Data provided:
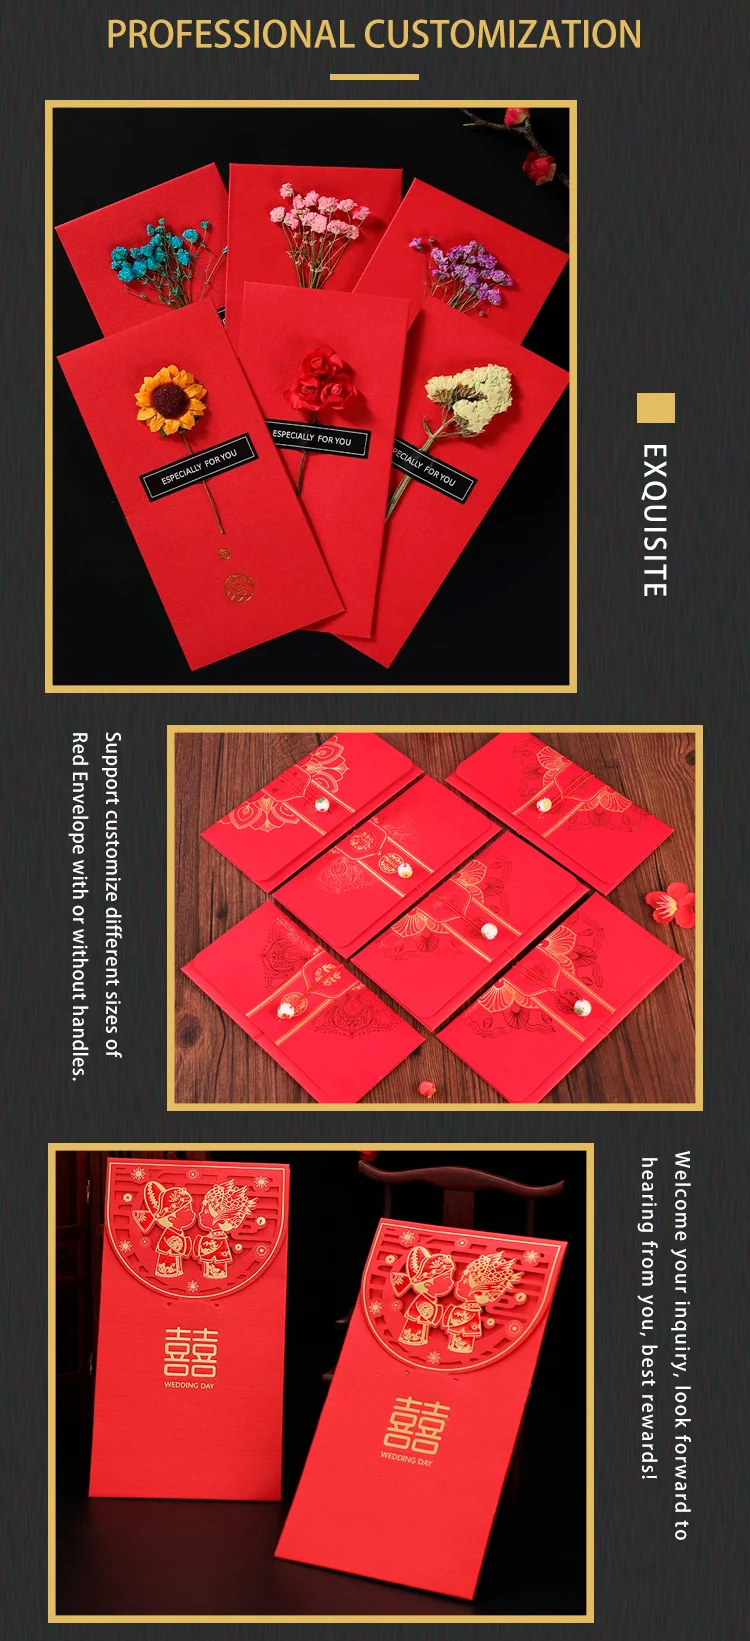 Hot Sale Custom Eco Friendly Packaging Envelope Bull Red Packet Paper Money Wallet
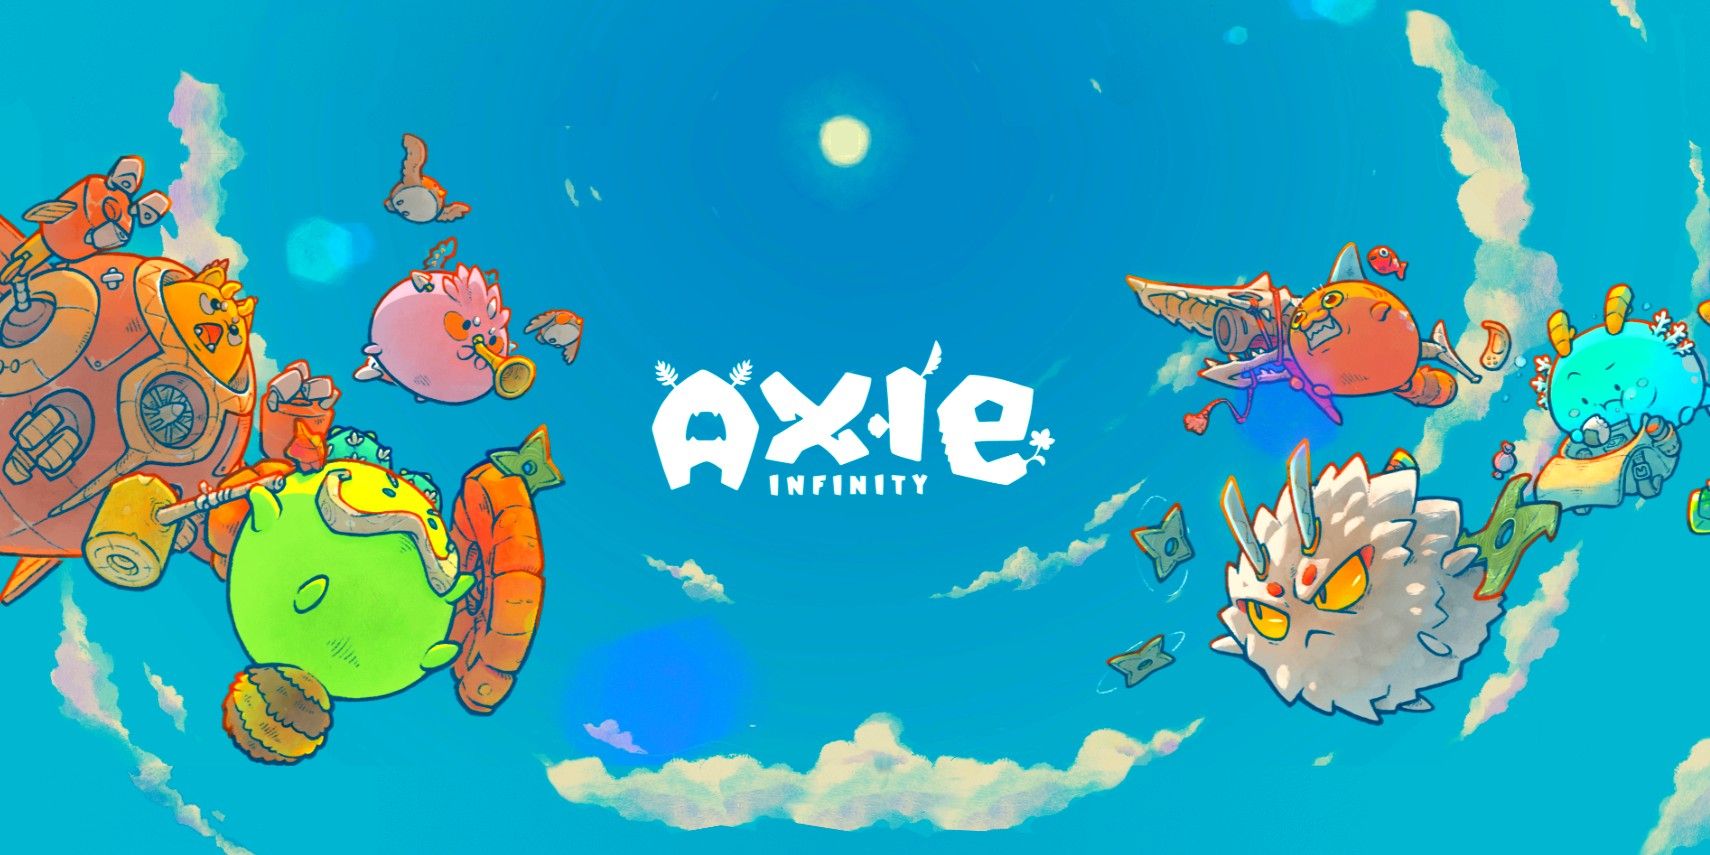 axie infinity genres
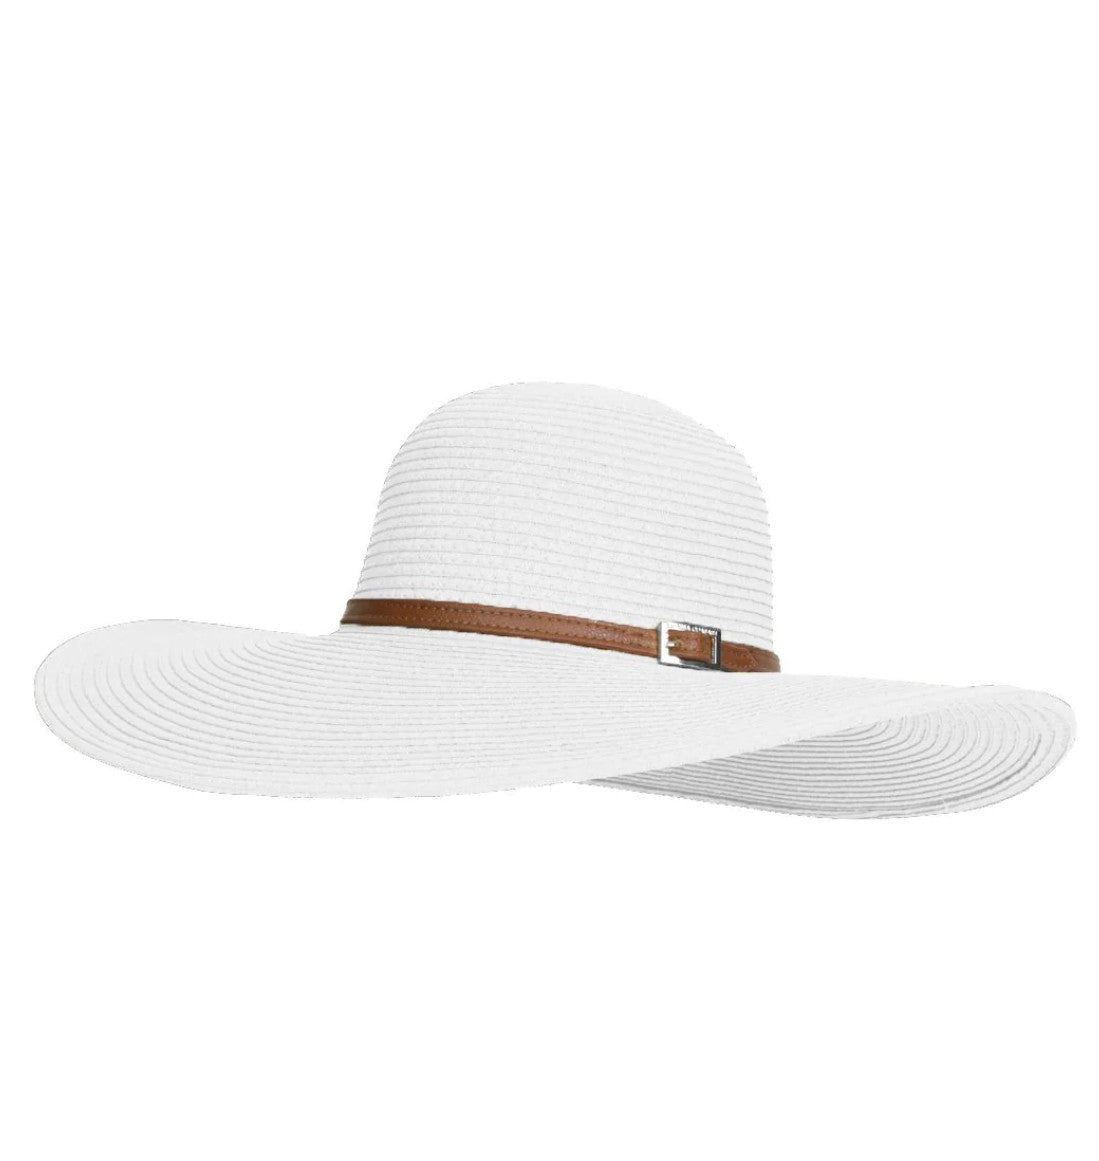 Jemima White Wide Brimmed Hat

Problem: The answer should consist only of the lines from the line with "axie infinity genres" through the last line of the data, repeated exactly; pictures stay out.

Answer section:
 axie infinity genres
 Jemima White Wide Brimmed Hat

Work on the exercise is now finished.